Task item: Among the lines below, copy exactly those from the one with "68000734aa Genuine Mopar Label Emission" through the one with "Resolução da questão", counting both ends.

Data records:
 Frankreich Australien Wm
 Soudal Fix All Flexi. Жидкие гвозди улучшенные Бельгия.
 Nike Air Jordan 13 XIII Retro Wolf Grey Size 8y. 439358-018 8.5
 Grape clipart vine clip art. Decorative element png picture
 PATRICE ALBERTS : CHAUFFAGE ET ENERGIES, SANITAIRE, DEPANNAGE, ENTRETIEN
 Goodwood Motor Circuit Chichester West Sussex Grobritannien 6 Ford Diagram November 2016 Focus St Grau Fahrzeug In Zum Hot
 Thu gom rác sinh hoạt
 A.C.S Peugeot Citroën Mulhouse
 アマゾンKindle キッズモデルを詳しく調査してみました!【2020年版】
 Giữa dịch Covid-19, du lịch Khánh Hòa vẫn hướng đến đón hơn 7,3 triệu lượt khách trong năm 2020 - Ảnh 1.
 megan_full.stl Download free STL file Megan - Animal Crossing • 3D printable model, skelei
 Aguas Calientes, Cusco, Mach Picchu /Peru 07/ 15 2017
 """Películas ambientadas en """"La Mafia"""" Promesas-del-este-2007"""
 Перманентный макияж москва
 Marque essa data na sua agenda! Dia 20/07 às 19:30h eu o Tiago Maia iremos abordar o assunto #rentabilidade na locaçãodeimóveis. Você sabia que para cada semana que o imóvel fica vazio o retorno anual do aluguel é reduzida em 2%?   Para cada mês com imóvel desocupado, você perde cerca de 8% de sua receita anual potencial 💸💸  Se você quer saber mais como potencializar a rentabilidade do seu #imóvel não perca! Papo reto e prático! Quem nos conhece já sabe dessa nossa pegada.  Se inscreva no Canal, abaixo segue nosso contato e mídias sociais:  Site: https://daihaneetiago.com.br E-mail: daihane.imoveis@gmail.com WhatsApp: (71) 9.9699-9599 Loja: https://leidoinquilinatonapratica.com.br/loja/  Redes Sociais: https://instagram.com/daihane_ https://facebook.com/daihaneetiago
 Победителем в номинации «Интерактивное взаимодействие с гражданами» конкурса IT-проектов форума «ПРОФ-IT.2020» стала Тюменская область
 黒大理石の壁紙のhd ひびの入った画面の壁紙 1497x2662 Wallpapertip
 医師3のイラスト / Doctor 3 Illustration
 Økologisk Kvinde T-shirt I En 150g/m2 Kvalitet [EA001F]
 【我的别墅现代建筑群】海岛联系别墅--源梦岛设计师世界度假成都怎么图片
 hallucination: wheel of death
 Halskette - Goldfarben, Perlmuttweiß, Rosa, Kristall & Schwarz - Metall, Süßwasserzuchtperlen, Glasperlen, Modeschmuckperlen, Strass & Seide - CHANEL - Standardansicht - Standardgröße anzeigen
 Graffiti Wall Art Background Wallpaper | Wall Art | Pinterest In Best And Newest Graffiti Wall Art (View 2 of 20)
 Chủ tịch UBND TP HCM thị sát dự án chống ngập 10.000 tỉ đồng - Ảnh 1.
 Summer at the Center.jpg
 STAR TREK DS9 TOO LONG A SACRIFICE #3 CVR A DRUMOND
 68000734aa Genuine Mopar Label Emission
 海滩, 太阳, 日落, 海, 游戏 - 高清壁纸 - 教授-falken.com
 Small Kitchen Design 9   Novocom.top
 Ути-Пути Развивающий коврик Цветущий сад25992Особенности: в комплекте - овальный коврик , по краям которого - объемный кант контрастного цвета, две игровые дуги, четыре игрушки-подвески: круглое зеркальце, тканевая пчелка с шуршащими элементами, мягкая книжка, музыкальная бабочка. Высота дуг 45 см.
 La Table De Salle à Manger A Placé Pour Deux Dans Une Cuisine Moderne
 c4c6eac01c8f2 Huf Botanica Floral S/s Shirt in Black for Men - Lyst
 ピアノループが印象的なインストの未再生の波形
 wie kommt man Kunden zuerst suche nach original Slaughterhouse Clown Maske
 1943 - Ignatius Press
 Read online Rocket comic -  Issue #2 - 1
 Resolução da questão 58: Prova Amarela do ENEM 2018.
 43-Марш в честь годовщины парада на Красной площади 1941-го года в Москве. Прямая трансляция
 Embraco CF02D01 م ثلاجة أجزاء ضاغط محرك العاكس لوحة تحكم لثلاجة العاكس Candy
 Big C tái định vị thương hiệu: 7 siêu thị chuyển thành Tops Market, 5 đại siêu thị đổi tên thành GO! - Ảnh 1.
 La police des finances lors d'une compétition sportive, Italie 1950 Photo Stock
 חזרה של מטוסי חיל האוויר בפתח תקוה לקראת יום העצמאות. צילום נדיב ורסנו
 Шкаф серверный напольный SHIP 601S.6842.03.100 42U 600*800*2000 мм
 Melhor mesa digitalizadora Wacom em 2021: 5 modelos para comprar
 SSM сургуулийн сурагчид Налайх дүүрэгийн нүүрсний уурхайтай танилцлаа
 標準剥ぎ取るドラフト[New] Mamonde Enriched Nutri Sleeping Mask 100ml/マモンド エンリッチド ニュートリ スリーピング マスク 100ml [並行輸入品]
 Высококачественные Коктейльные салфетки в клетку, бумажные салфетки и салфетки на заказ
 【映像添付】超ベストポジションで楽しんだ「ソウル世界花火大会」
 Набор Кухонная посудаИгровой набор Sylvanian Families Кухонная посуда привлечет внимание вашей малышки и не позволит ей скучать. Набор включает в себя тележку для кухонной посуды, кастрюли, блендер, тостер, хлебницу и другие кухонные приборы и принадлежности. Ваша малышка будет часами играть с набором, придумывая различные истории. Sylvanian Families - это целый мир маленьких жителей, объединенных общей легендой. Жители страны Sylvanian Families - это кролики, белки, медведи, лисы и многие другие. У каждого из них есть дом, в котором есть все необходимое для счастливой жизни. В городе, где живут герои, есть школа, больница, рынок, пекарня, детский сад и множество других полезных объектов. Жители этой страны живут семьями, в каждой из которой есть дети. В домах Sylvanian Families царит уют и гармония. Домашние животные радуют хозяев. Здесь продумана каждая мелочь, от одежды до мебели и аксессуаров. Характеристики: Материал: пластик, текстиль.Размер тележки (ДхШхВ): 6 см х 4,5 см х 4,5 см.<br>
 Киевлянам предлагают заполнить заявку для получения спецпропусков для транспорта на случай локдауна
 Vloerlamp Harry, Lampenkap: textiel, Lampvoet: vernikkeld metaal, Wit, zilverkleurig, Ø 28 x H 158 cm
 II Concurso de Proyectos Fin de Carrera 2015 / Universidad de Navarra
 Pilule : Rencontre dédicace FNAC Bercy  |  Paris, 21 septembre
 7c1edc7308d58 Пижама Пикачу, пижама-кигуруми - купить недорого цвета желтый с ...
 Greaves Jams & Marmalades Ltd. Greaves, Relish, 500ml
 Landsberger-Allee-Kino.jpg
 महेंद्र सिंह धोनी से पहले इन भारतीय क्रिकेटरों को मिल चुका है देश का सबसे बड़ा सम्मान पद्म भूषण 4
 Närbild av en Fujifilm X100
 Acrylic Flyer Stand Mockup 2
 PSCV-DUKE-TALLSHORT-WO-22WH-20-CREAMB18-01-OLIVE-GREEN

Expected output:
 68000734aa Genuine Mopar Label Emission
 海滩, 太阳, 日落, 海, 游戏 - 高清壁纸 - 教授-falken.com
 Small Kitchen Design 9   Novocom.top
 Ути-Пути Развивающий коврик Цветущий сад25992Особенности: в комплекте - овальный коврик , по краям которого - объемный кант контрастного цвета, две игровые дуги, четыре игрушки-подвески: круглое зеркальце, тканевая пчелка с шуршащими элементами, мягкая книжка, музыкальная бабочка. Высота дуг 45 см.
 La Table De Salle à Manger A Placé Pour Deux Dans Une Cuisine Moderne
 c4c6eac01c8f2 Huf Botanica Floral S/s Shirt in Black for Men - Lyst
 ピアノループが印象的なインストの未再生の波形
 wie kommt man Kunden zuerst suche nach original Slaughterhouse Clown Maske
 1943 - Ignatius Press
 Read online Rocket comic -  Issue #2 - 1
 Resolução da questão 58: Prova Amarela do ENEM 2018.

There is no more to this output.